Manual classification of high-impact code changes yields a taxonomy spanning direct security remediations (e.g., removing shell=True, unsafe serialization, /tmp path hardcoding), idiomatic and maintainability refactorings (extract method/class, replace repeated code with dynamic dispatch), API alignment, style and documentation adherence, and import hygiene. It is crucially observed that not all reductions in warnings are true remediations; warnings frequently disappear due to code relocation or suppression, not substantive fixes.
Developer Acceptance and Workflow Implications
Despite mixed quality and security signals, AI-generated refactoring is widely accepted: 73.5% of studied PRs were merged, even though 53.9% of these introduced new Pylint issues and 11.3% introduced new Bandit issues. Acceptance is heterogeneous across agents, with OpenAI Codex submissions enjoying the highest merge rates.

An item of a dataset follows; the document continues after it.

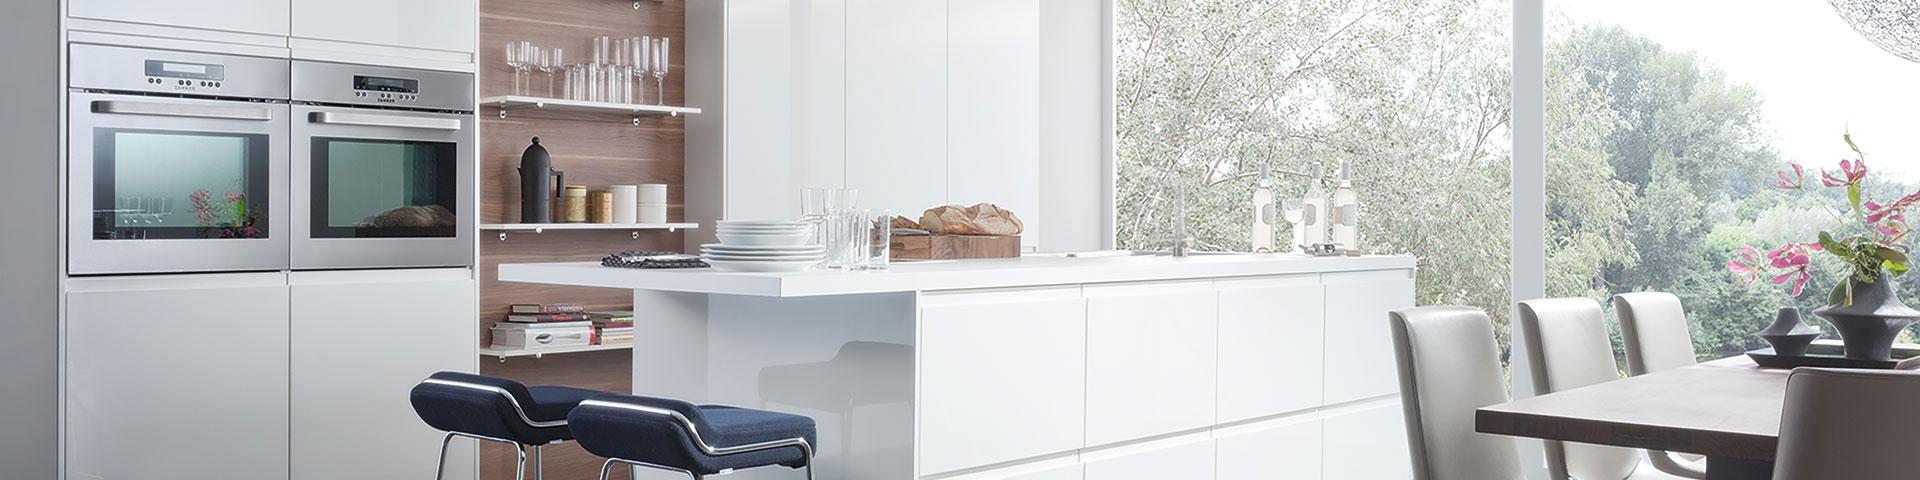 Beste Verbraucher Küche Und Bad Standorte Galerie - Ideen Für Die ...

Static-analysis regressions are not reliable blockers—merged PRs routinely exhibit both the addition and removal of issues, indicating that improving some aspects of code quality or security may offset regressions in others in reviewer assessment. Notably, PRs introducing Bandit findings are merged without visible discussion or CI gating in a substantial fraction of cases, exposing a gap in automated security enforcement.

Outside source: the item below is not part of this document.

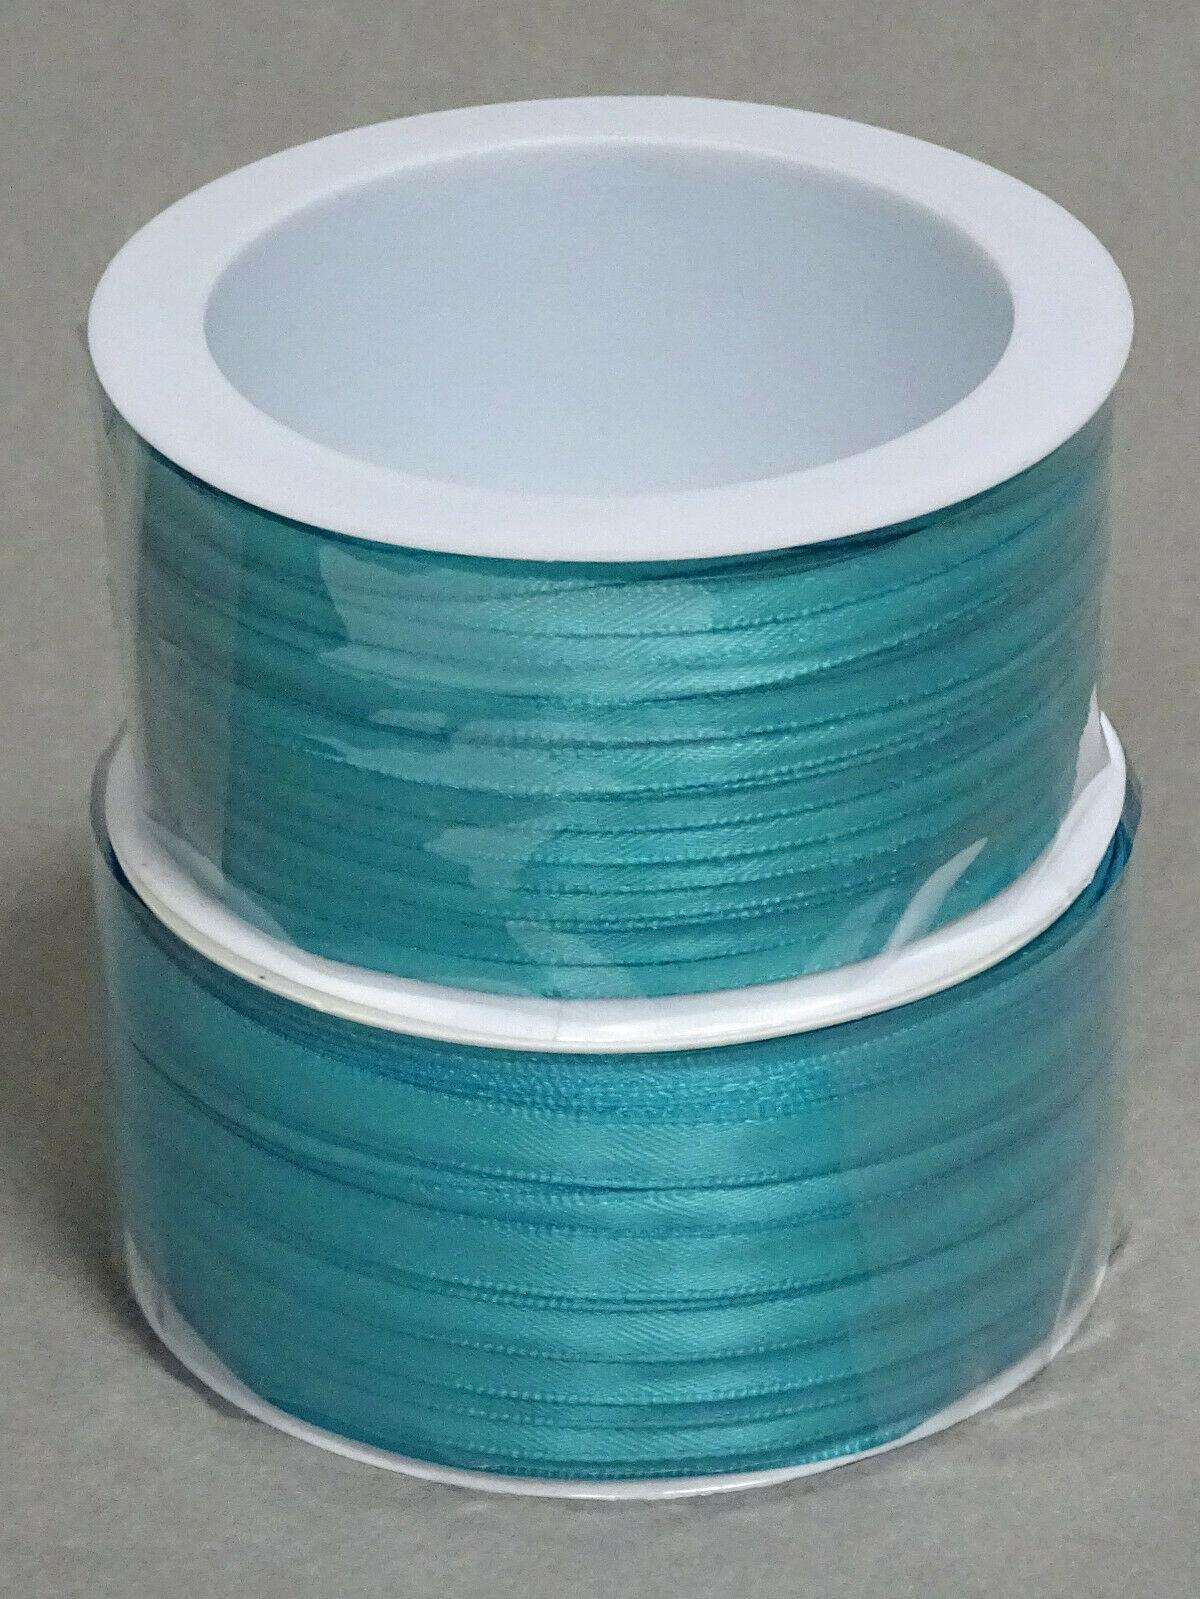 Satinband Schleifenband 50m x 3mm / 6mm Dekoband ab 0,05 €/m Geschenkband Rolle - Petrol 118, 6 mm x 50 m

Implications and Theoretical Considerations
These findings reveal both the promise and limitation of agentic refactoring in production OSS workflows:
- Engineering Workflows: High merge rates, despite static-analysis regressions, expose a need for more robust tool-in-the-loop enforcement. Automated gating—integrating both quality and security analysis in pre-merge workflows—could align agentic code contributions with community standards and mitigate risk propagation.
- Metric-Driven Evaluation: The multidimensionality of code quality is poorly captured by test-passing alone—quality attribute assessment and static-analysis signals (particularly maintainability and modularity) need to be foregrounded in LLM evaluation and development pipelines.
- Security Posture: While high-severity vulnerabilities are rare, persistent introduction of risky practices by agents highlights the necessity of integrating feedback-driven static analysis and active hardening of agentic code generation.
- Human-AI Review Synergy: The observed tolerance for regressions suggests reviewers prioritize net change over strict regression avoidance; further study of reviewer rationales and risk perception is warranted.
- Future Directions: A controlled comparison with human-authored refactoring in the same repositories could illuminate systematic differences, bias, and acceptance trends, enabling calibrations in both agent design and review strategy.
Conclusion
AI-generated Python refactoring PRs result in modest but consistent improvements in select software quality attributes. However, they introduce considerable churn in code-quality and, less frequently, security signals, with widespread developer acceptance in spite of regressions. The evidence supports the incorporation of advanced tool-based gating mechanisms for both quality and security and highlights the necessity of moving beyond functional correctness toward holistic quality assurance in agentic and LLM-driven software development workflows. The methodology and replication package established in this study provide a foundation for the ongoing empirical evaluation of automated code change agents in large-scale, real-world environments.
Reference: "Quality and Security Signals in AI-Generated Python Refactoring Pull Requests" (2605.21453).